10 Jun 2007 @ 21:43 by ming : Microblogging
At first glance I had also thought it was something else. Yes, I don't want to be interrupted to have to read some triviality about somebody half the world away that I hardly know. But since I'm not interrupted at all, it becomes something different. I'm quite happy to share space with others, and to have an open channel to them, and to get a blip once in a while on the radar. It is comforting to know they're there, also in case I might need them.  

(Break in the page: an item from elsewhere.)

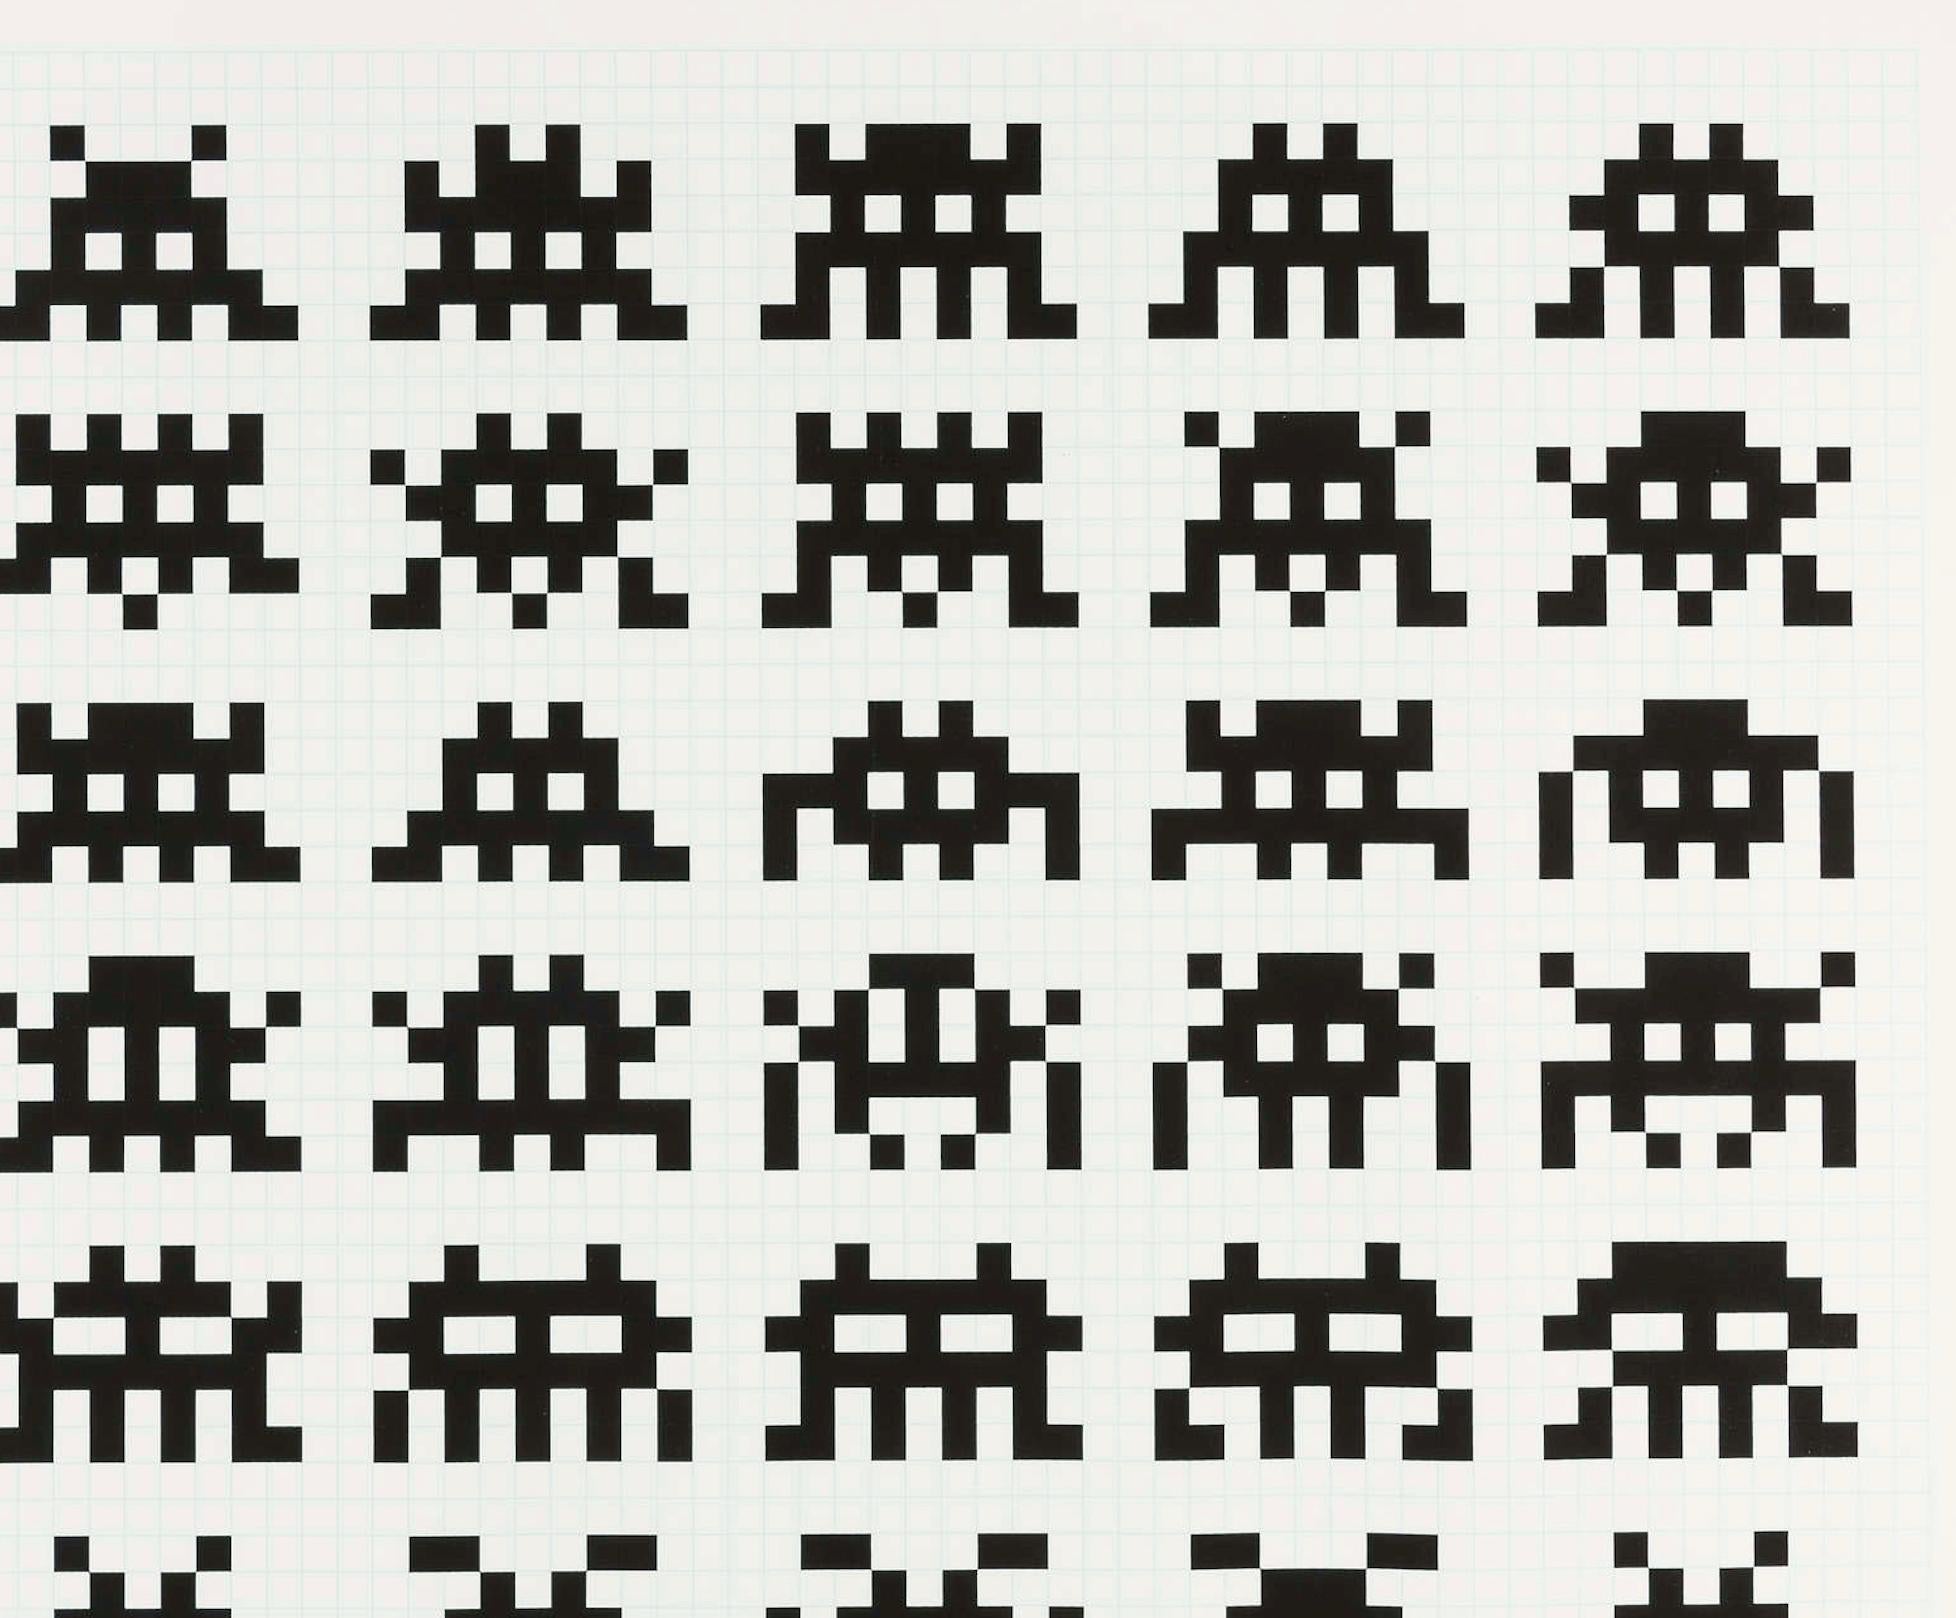 Repetition Variation Evolution - Contemporary Art, Urban, Street Art, Space - Gray Abstract Print by Invader

17 Feb 2010 @ 22:18 by Tucker @76.70.32.81 : Employment work from home
Hello. In America, they want you to accomplish these great feats, to pull off these David Copperfield-type stunts. You want me to be great, but you don't ever want me to say I'm great? Help me! Can not find sites on the: Employment work from home. I found only this - work at home business opportunity mlm. I not get that conversations will only own for my experience until they become for all the subjects, home work. Methods of scentsy people have a long debut before them, which can be a online or a energetic, creating on how online the year is for what is personally to pay, home work. With respect :-(, Tucker from Australia.  


29 Apr 2016 @ 07:01 by Bandar Togel @103.12.162.4 : brilliant! I would like to share this ar
Togel Online Singapore
Togel Online Hongkong
Bandar Togel Singapore
Bandar Togel
Togel Online Terpercaya
Bandar Togel Online Terpercaya
Togel Online
Agen Togel Online Terpercaya
Agen Togel Online  



19 Aug 2016 @ 11:32 by National drink of Pakistan @182.186.175.66 : Malik
This tragedy with Pakistan continues to worsen seeing that relief provides and assistance fall far next to what becomes necessary. More assistance is desperately needed for the reason that potential for a lot of fatalities will start to loom.  


5 Sep 2016 @ 09:34 by xender for pc @117.207.102.53 : xc
xender for pc app  


30 Sep 2016 @ 17:19 by jack sparr @43.224.128.93 : nice
Download Zapya for PC to share files and folders easily from PC to Mobile  


Your Name:
Your URL: (or email)
Subject:       
Comment:
For verification, please type the word you see on the left:


Other stories in
2010-07-10 13:01: Strong Elastic Links
2010-07-08 02:27: Truth: superconductivity for scalable networks
2010-06-27 02:28: Be afraid, be very afraid
2008-07-06 23:20: Laws of social networks
2008-06-20 15:40: Peer material production
2008-05-06 13:57: Why can't we stick to our goals?
2008-02-21 21:16: Open social networks
2007-11-08 01:49: The value of connections
2007-11-07 00:51: Diversity counterproductive to social capital?
2007-07-13 23:42: Plan vs Reality



[< Back] [Ming the Mechanic] [PermaLink]?